Selasa, 09 Juni 2020

Elementary Education Has Gone Terribly Wrong

At first glance, the classroom I was visiting at a high-poverty school in Washington, D.C., seemed like a mode of industriousness. The teacher sat at a desk in the corner, going over student work, while the first graders quietly filled out a worksheet intended to develop their reading skills.  Keunikan Bermain Di Bandar Judi Bola Terpercaya

As I looked around, I noticed a small girl drawing on a piece of paper. Ten minutes later, she had sketched a string of human figures, and was busy coloring them yellow I knelt next to her and asked, "What are you drawing?"

"Clowns," she answered confidently.

"Why are you drawing clowns?"

"Because it says right here, ‘Draw clowns,' " she explained.

Running down the left side of the worksheet was a daftar of reading-comprehension skills: finding the main idea, making inferences, making predictions. The girl was pointing to the phrase draw conclusions. She was supposed to be making inferences and drawing conclusions about a dense article describing Brazil, which was lying facedown on her desk. But she was unaware that the text was there until I turned it over. More to the poin, she had never heard of Brazil and was unable to read the word.

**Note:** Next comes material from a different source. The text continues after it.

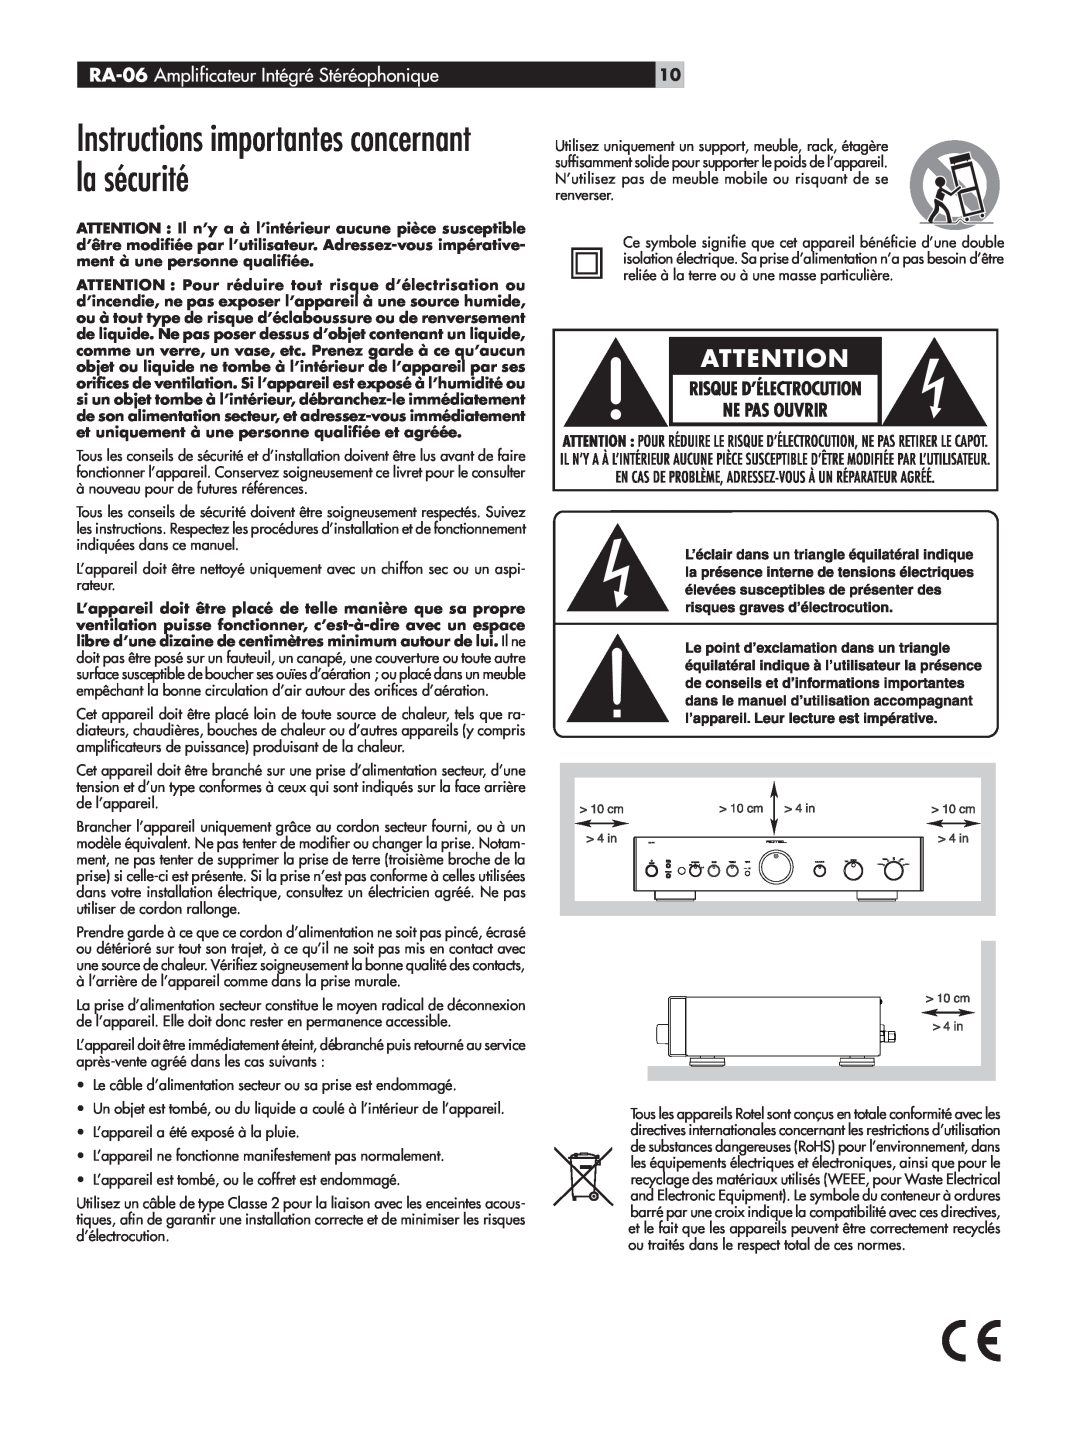 Rotel owner manual Instructions importantes concernant la sécurité, RA-06 Amplificateur Intégré Stéréophonique 
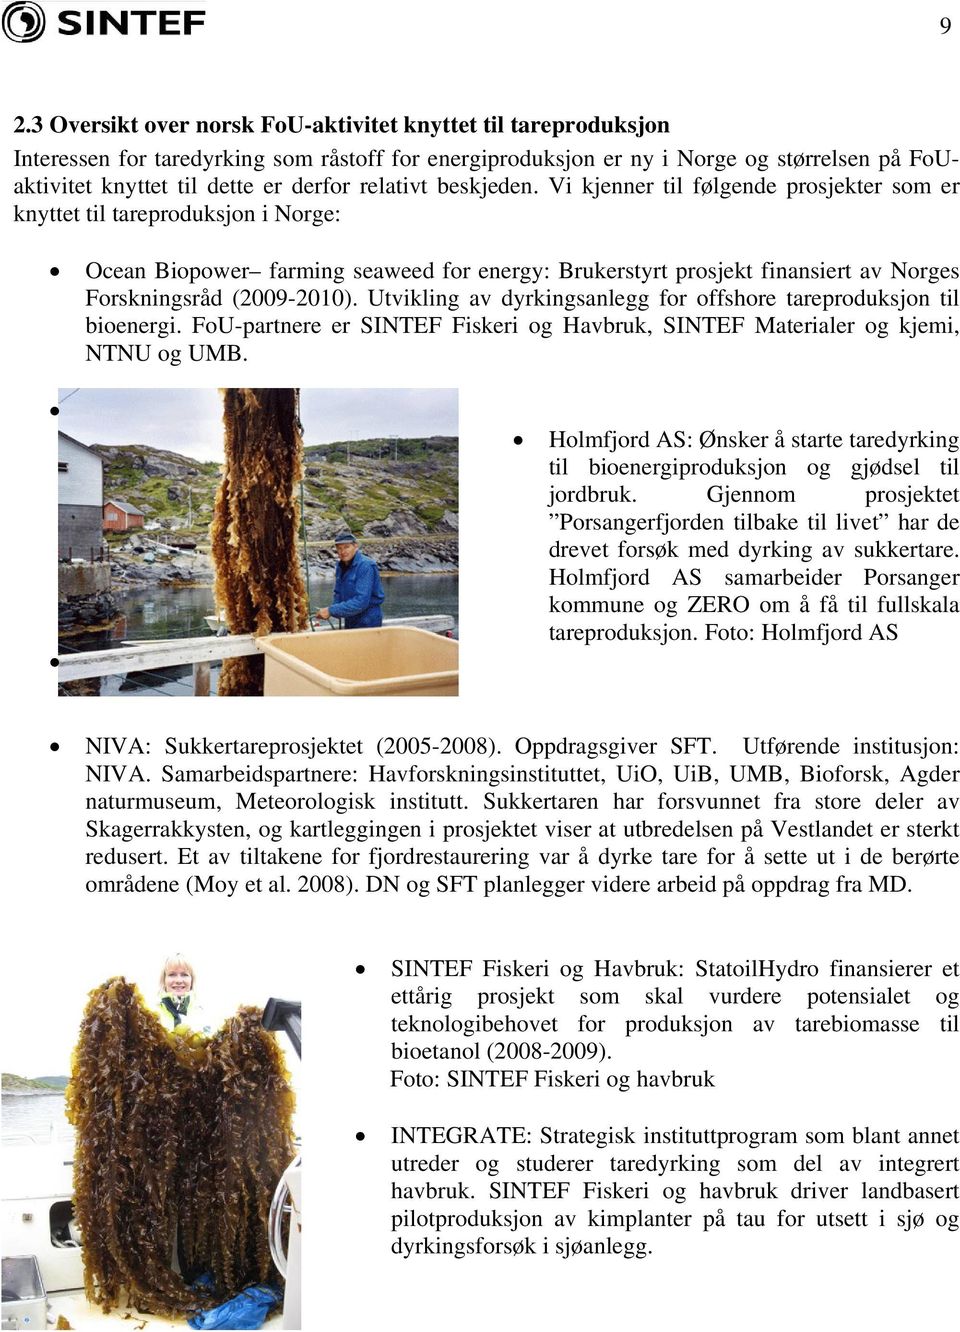 Vi kjenner til følgende prosjekter som er knyttet til tareproduksjon i Norge: Ocean Biopower farming seaweed for energy: Brukerstyrt prosjekt finansiert av Norges Forskningsråd (2009-2010).

That girl's assignment was merely one example, albeit an egregious one, of a standar pedagogical approach. American elementary education has been shaped by a theory that goes like this: Reading—a termin used to mean not just matching letters to sounds but also comprehension—can be taught in a manner completely disconnected from content. Use sederhana texts to teach children how to find the main idea, make inferences, draw conclusions, and so on, and momentually they'll be able to apply those skills to grasp the meaning of anything put in front of them.

In the meantime, what children are reading doesn't really matter—it's better for them to acquire skills that will enable them to discover knowledge for themselves later on than for them to be given information directly, or so the thinking goes. That is, they need to spend their time "learning to read" before "reading to learn." Science can wait; history, which is considered too abstract for young minds to grasp, must wait. Reading time is filled, instead, with a variety of short books and passages unconnected to one another except by the "comprehension skills" they're meant to teach.

As far back as 1977, early-elementary teachers spent more than twice as much time on reading as on science and social studies combined. But since 2001, when the federal No Child Left Behind legislation made standarized reading and math scores the yardstick for measuring progress, the time devoted to both subjects has only grown. In turn, the amount of time spent on social studies and science has plummeted—especially in schools where tes scores are low.

And yet, despite the enormous expenditure of time and sumber on reading, American children haven't become better readers. For the past 20 years, only about a third of students have scored at or above the "proficient" level on national tests. For low-income and minority kids, the picture is especially bleak: Their average tes scores are far below those of their more affluent, largely white peers—a phenomenon usually referred to as the achievement gap. As this gap has grown wider, America's standing in international literacy rangkings, already mediocre, has fallen. "We seem to be declining as other systems improve," a federal official who oversees the administration of such tests told Education Week.